Q: How do you reduce Mean Time to Recovery (MTTR) for model incidents?
A: MTTR has four components: detection time, triage time, execution time, and verification time. Detection time is reduced by tightening alert thresholds, adding composite metrics (revenue anomaly + model quality metric simultaneously), and reducing the metric scrape interval in Prometheus. Triage time is reduced by pre-making the rollback decision: designate the rollback target before deploying, write a decision framework (if X then rollback, else investigate), and practice the runbook until it requires no deliberation. Execution time is the most impactful lever: pre-warm the rollback model in memory so model loading takes zero seconds, pre-stage all rollback artifacts (Kubernetes manifests, serving configs) so the rollback is a single command, and use blue-green deployment so the switch is a load balancer configuration change with no restart latency. Verification time is reduced by defining explicit success criteria - "metrics recover to within 10% of pre-incident baseline" - so the on-call engineer knows when the incident is over.
Q: How do you handle the case where there is no safe rollback target?
A: This is the worst case: every recent model version in the registry has a known problem - the data drift that caused the incident was present in all recent training runs, or the problematic feature pipeline change predates multiple model versions. In this case, the rollback options are: serve a fallback (a simple heuristic model, a rule-based system, or a static response) while an emergency retrain is conducted; temporarily disable the ML-powered feature and fall back to non-ML behavior (e.g., showing most-popular items instead of personalized recommendations); or serve from a much older model version even if its performance is significantly below current standards. The key is that the fallback must be pre-built and pre-tested before any incident occurs. If you reach the incident and discover you have no safe rollback target and no fallback, you are in a position where the only option is to take the feature offline - which is almost always worse than serving a degraded ML response. The preparation investment is a tested fallback that can be activated in under five minutes.
Summary
Model rollback strategy is the last line of defense in your ML deployment pipeline. Everything else - model cards, promotion gates, shadow mode, canary deployments - reduces the probability of a bad model reaching production.

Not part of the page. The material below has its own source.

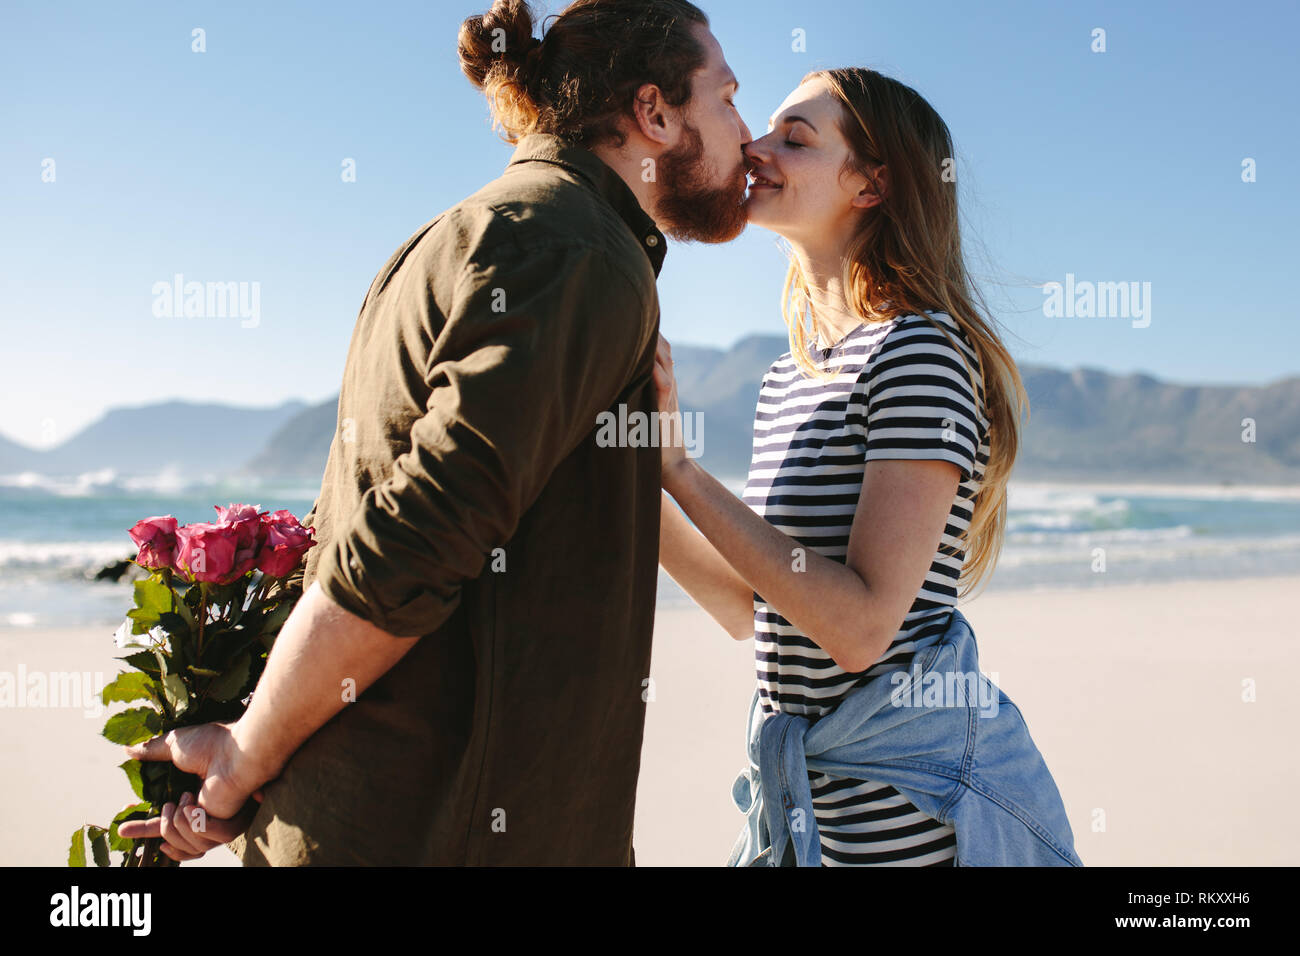 Man holding flowers behind and kissing his girlfriend on the beach. Couple in love kissing on the beach. Stock Photo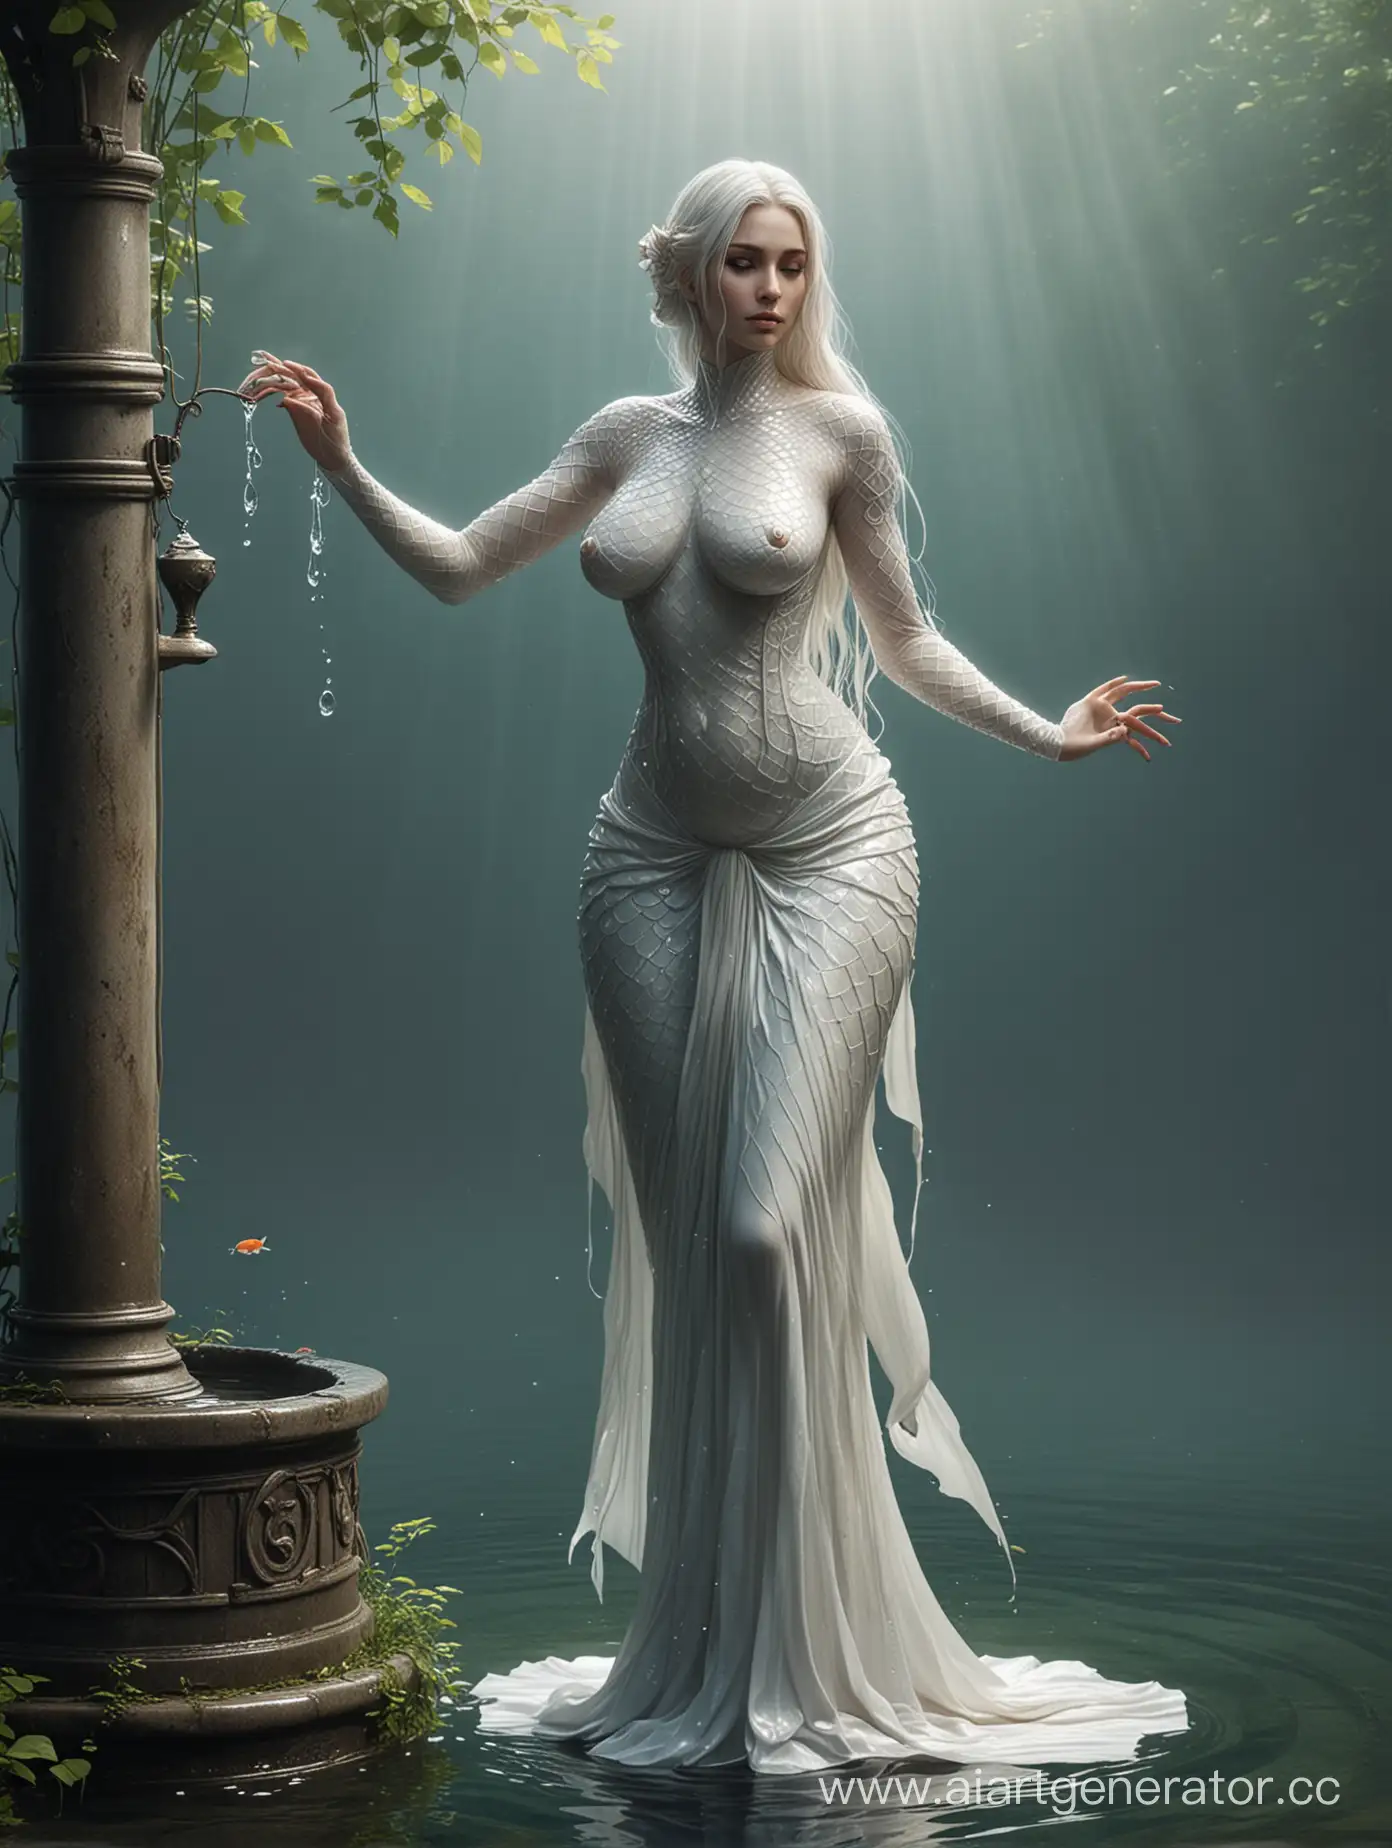 Curvy-FishPerson-by-the-Well-Sensual-Aquatic-Beauty-in-Light-Attire

Rollback strategy handles the cases where those defenses fail.
The three operational principles: pre-designate the rollback target before each deployment and tag it explicitly in the registry; pre-warm the rollback artifact so execution is fast; and automate the rollback trigger so the decision and execution happen in seconds, not minutes.
Rollback is not a failure mode. It is an expected part of operating any ML system at scale. The teams that do it well treat it as a first-class operational capability - practiced, automated, and boring. The teams that do it poorly discover at 2 AM that their runbook is out of date and their rollback target was deleted three weeks ago.